[Computational Complexity] Final STOC Post
- James Lee finishes up from Victoria.
Still at the business meeting (with a 15-item agenda), Cynthia explains that another rule of thumb was in place for STOC’08: If a program committee member said "this is my favorite submission," then the paper was marked for acceptance, barring a severe negative reaction from the other committee members.
Next, Bobby Kleinberg tells us about the "TheoryWiki" project, whose goal is to organize a community-wide effort to improve the presence and quality of TCS on Wikipedia. This seems like a fantastic goal. To rant tangentially while I have the chance: Unfortunately, a large contingent of our community recently contributed to the Springer Encyclopedia of Algorithms. There were various area editors who put together a list of possible articles, and then solicited authors to write them. The area editors were not paid. The authors were not paid. On the other hand, the default was for the copyright on all materials to be handed over to Springer, who will create a huge and potentially useful volume, and then sell it at very expensive prices. I agreed to write my article, but I complained quite a bit first. I was told that the process was too far along to change anything. I asked Springer if I could put it on Wikipedia. They said no. Finally, I said: I am writing an article. I am putting it in the public domain. I will give you permission to distribute it however you like; take it or leave it. They took it. Unfortunately, most authors did not make similar deals, and a tremendous amount of time and effort has been wasted (or, in the least, vastly underutilized).
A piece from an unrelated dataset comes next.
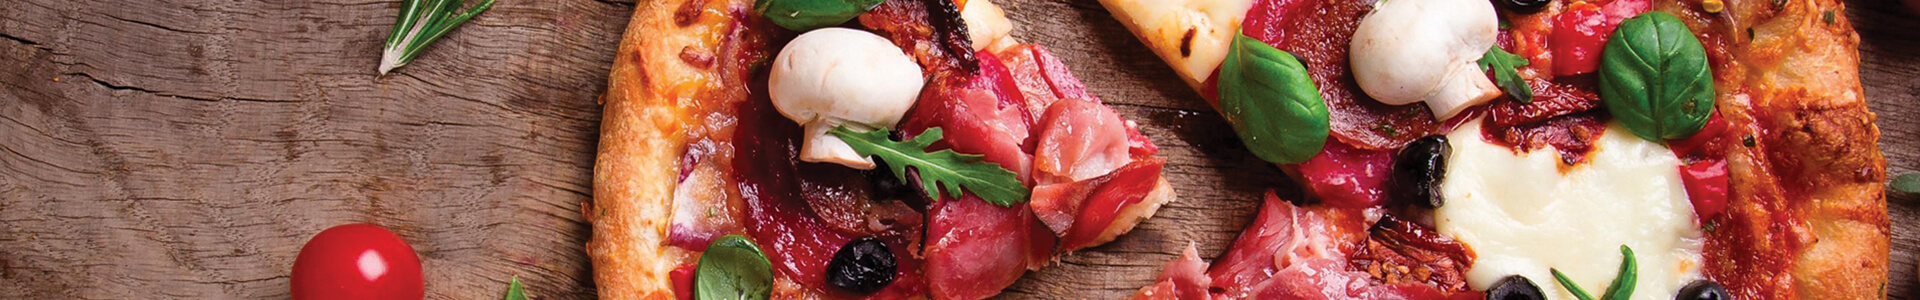 pizza - eviadelivery.gr

Adam Kalai announces that STOC 2010 will be in Boston (where he and Yael will be joining the newly formed MSR New England). Allan Borodin reads the conceptual manifesto. Despite a lot of dissent expressed in private conversations, Mikkel Thorup is the only one to speak up. He argues that, while new models should be valued, we might also want to appreciate the kind of algorithms that are running on millions of computers around the world right now.
I’ll end with some talks I enjoyed from the rest of the conference:
- Chris Umans gives a near-linear time algorithm to compute the composition of two multivariate polynomials over finite fields of small characteristic. This leads to asymptotically faster algorithms for factoring univariate polynomials over finite fields. The composition algorithm is inspired by the Parvaresh-Vardy and Guruswami-Rudra codes. (According to Chris, the “small characteristic” assumption has recently been lifted.)
- Ishai, Kushilevitz, Ostrovsky, and Sahai disprove a well-known conjecture of Mansour, Nisan, and Tiwari by showing that 2-universal hash functions (from n bits to n bits) can be computed by circuits of linear size. Expander codes are the primary tool. (Their ultimate goal is more efficient crypto primitives.)
- Adam Kalai gave an entertaining talk on "The myth of the folk theorem," joint work with Borgs, Chayes, Immorlica, Mirrokni, and Papadimitriou. The "Folk Theorem" is a collection of results from game theory which describe the Nash equilibria in repeated games, i.e. where the same one-shot game is played over and over. The "myth" of the folk theorem is that finding Nash equilibria in repeated games is easy, and it's true for two players: There is a poly-time algorithm. The authors show that once the repeated game has three players, though, finding a Nash equilibrium becomes PPAD-complete, just as in the one-shot case. The reduction from 2-NASH is pretty simple, and comes with the fantastically apt name of the "Actor-Critic game" (which, in the talk, was played by actors Jason and Nicole, and critic Lance).
- Shachar Lovett gives an explicit construction of pseudorandom generators against low-degree polynomials over finite fields, improving over the work of Bogdanov and Viola who did this for d=2 and d=3. Lovett uses the sum of 2^d eps-biased generators (these are pseudorandom against linear functions). His analysis involves the Gowers norms, which measure the bias of random “derivatives” of a function. In very recent work, Viola has shown that one need only sum d eps-biased generators. Viola’s work does not use the Gowers norms, and is simply based on the bias of the polynomial to be fooled.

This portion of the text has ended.